*Task description*. An exact copy of the listing is required, with its pictures removed.

*Data*.
______________________________

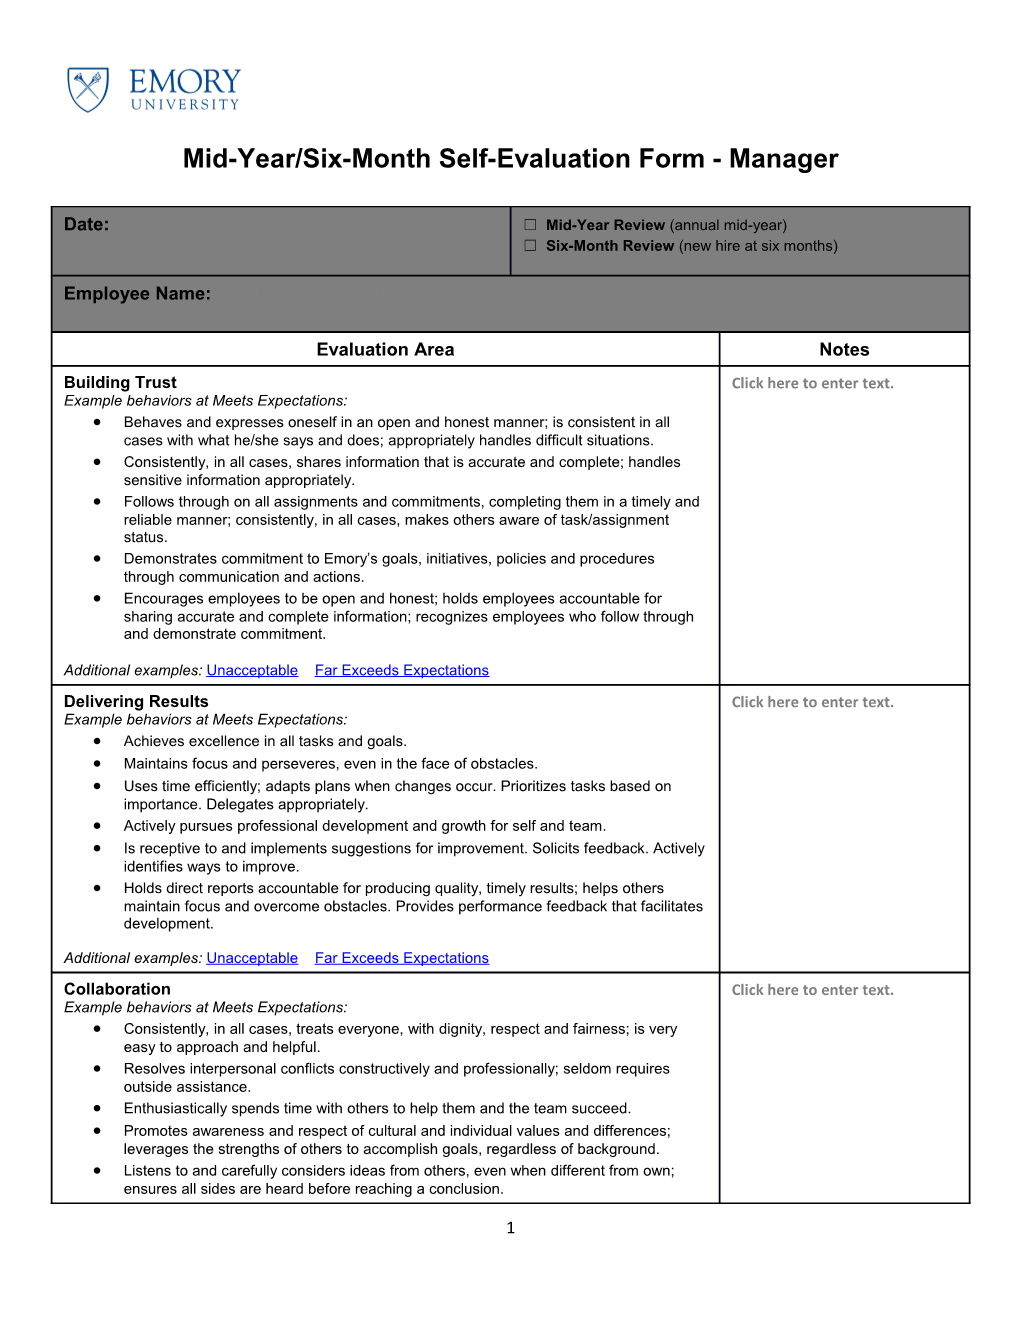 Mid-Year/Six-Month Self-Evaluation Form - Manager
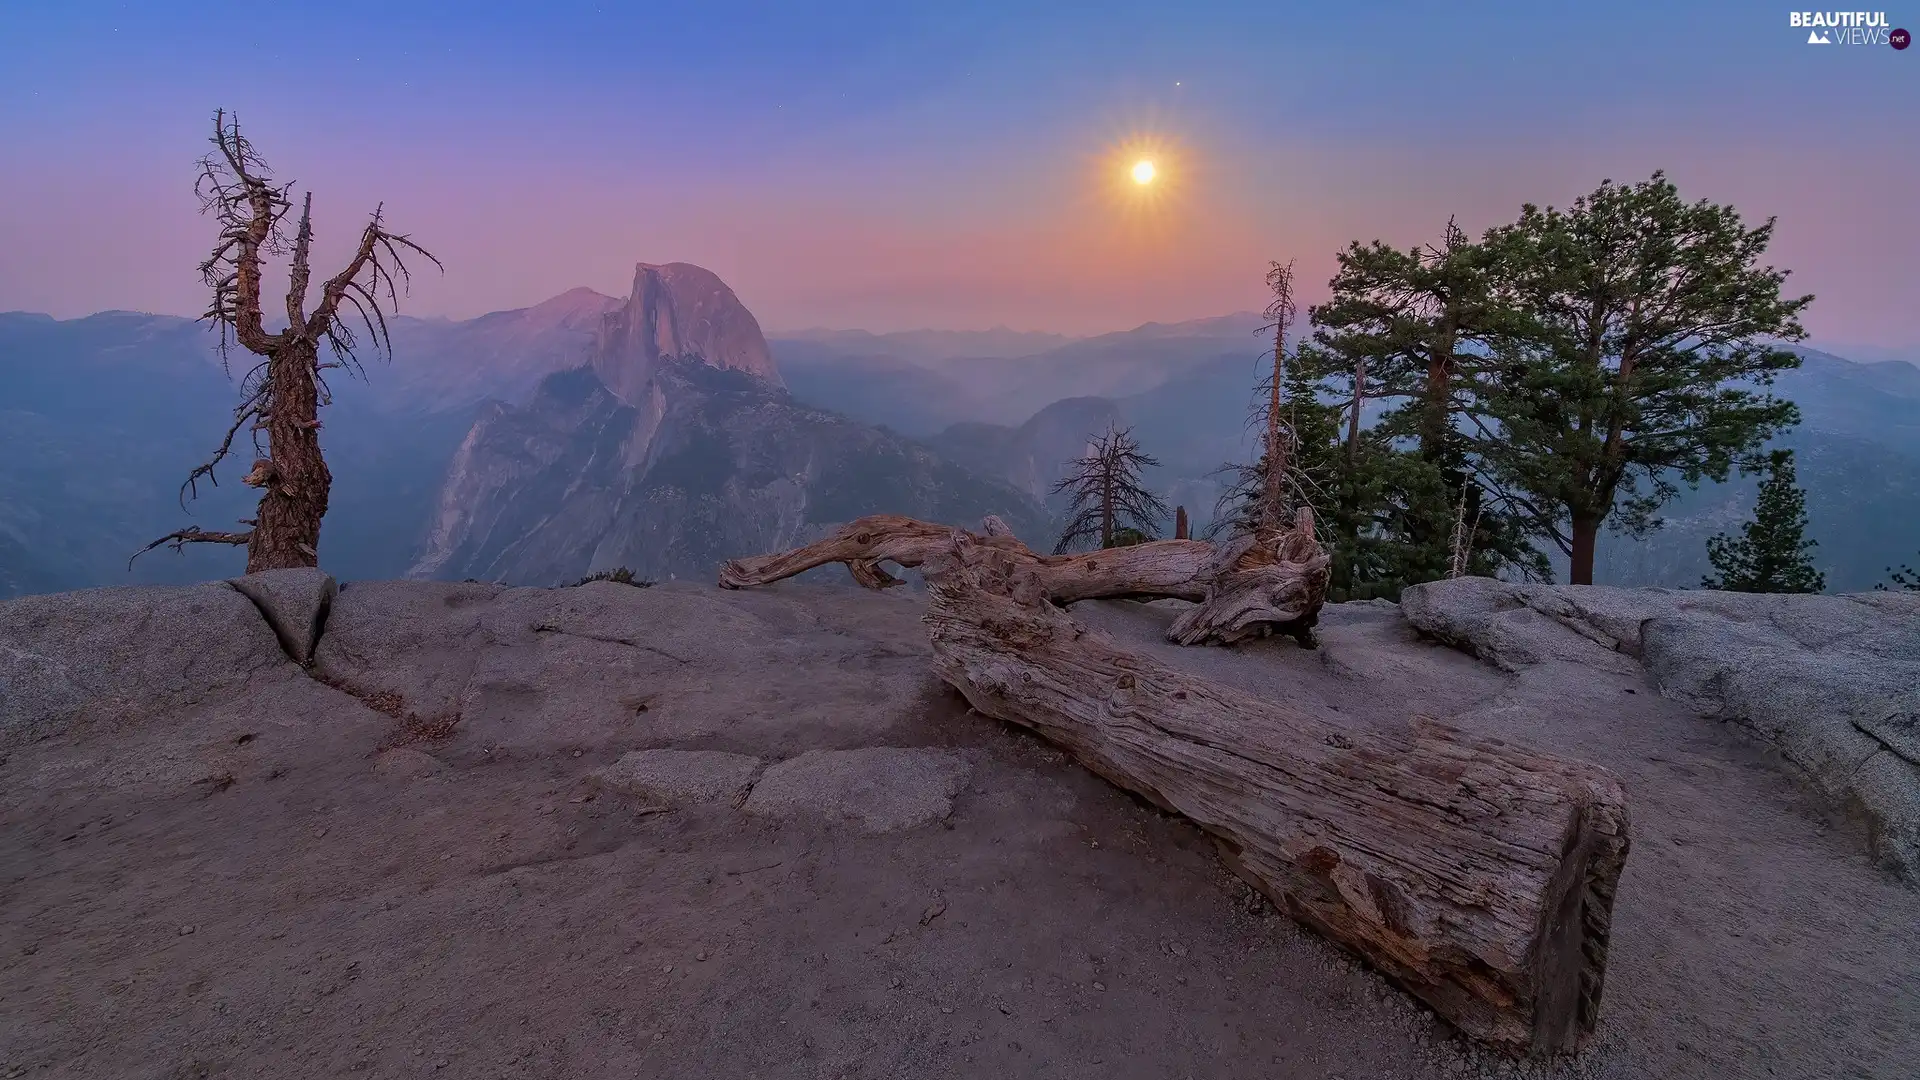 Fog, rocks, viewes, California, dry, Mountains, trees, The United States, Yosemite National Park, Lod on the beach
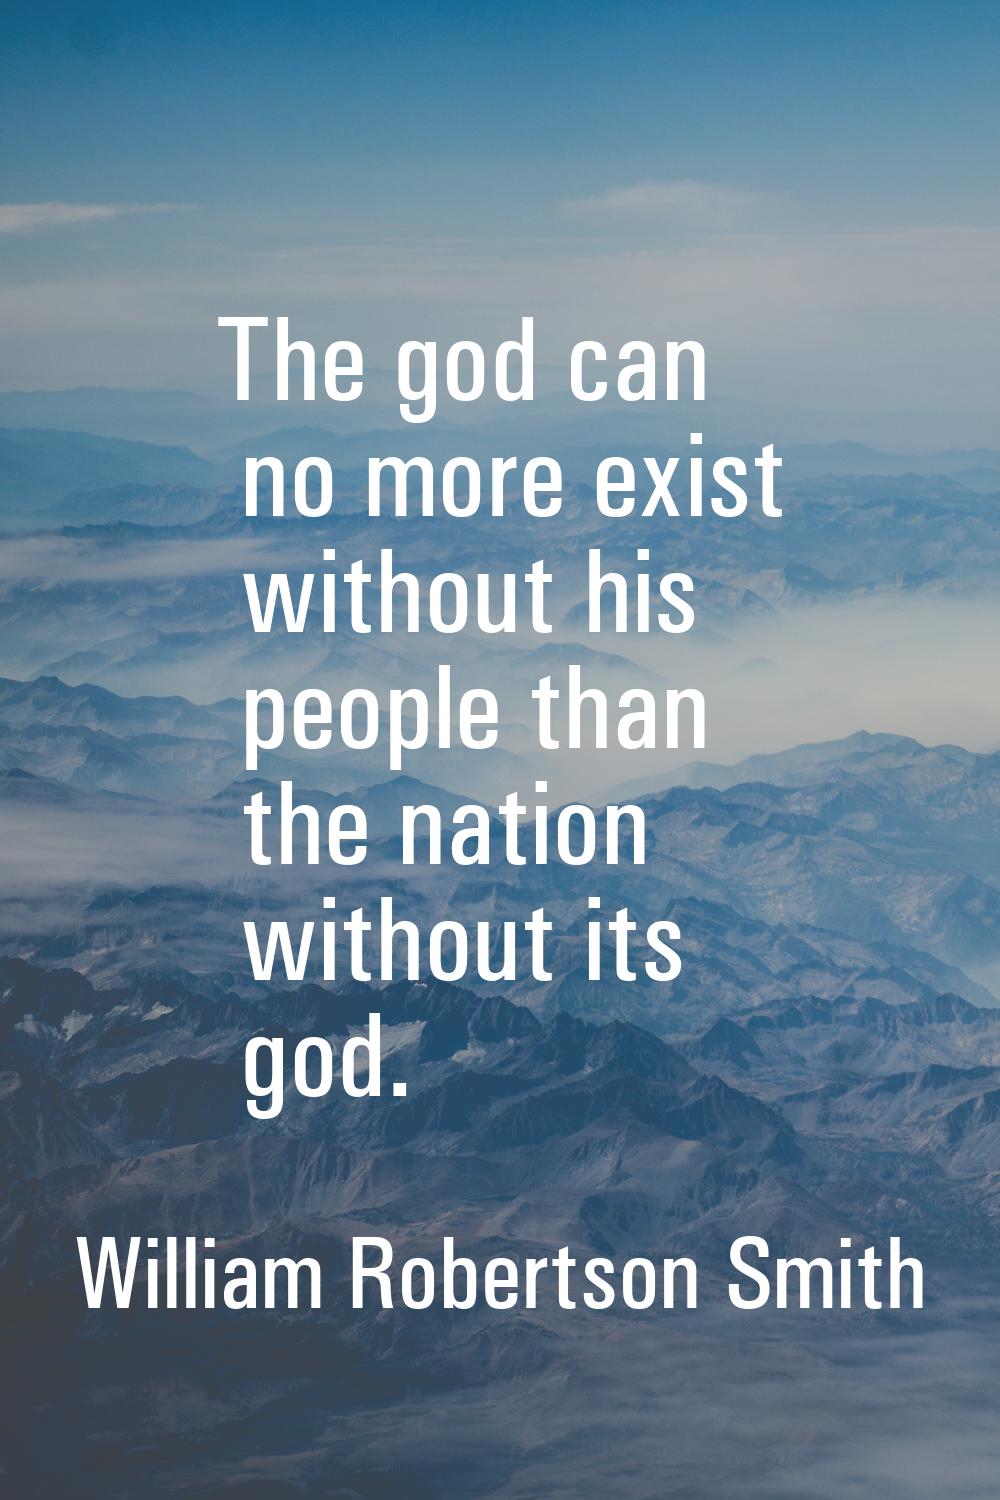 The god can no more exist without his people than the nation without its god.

______________________________

*Solution below*.
 Mid-Year/Six-Month Self-Evaluation Form - Manager
 Fog, rocks, viewes, California, dry, Mountains, trees, The United States, Yosemite National Park, Lod on the beach
 The god can no more exist without his people than the nation without its god.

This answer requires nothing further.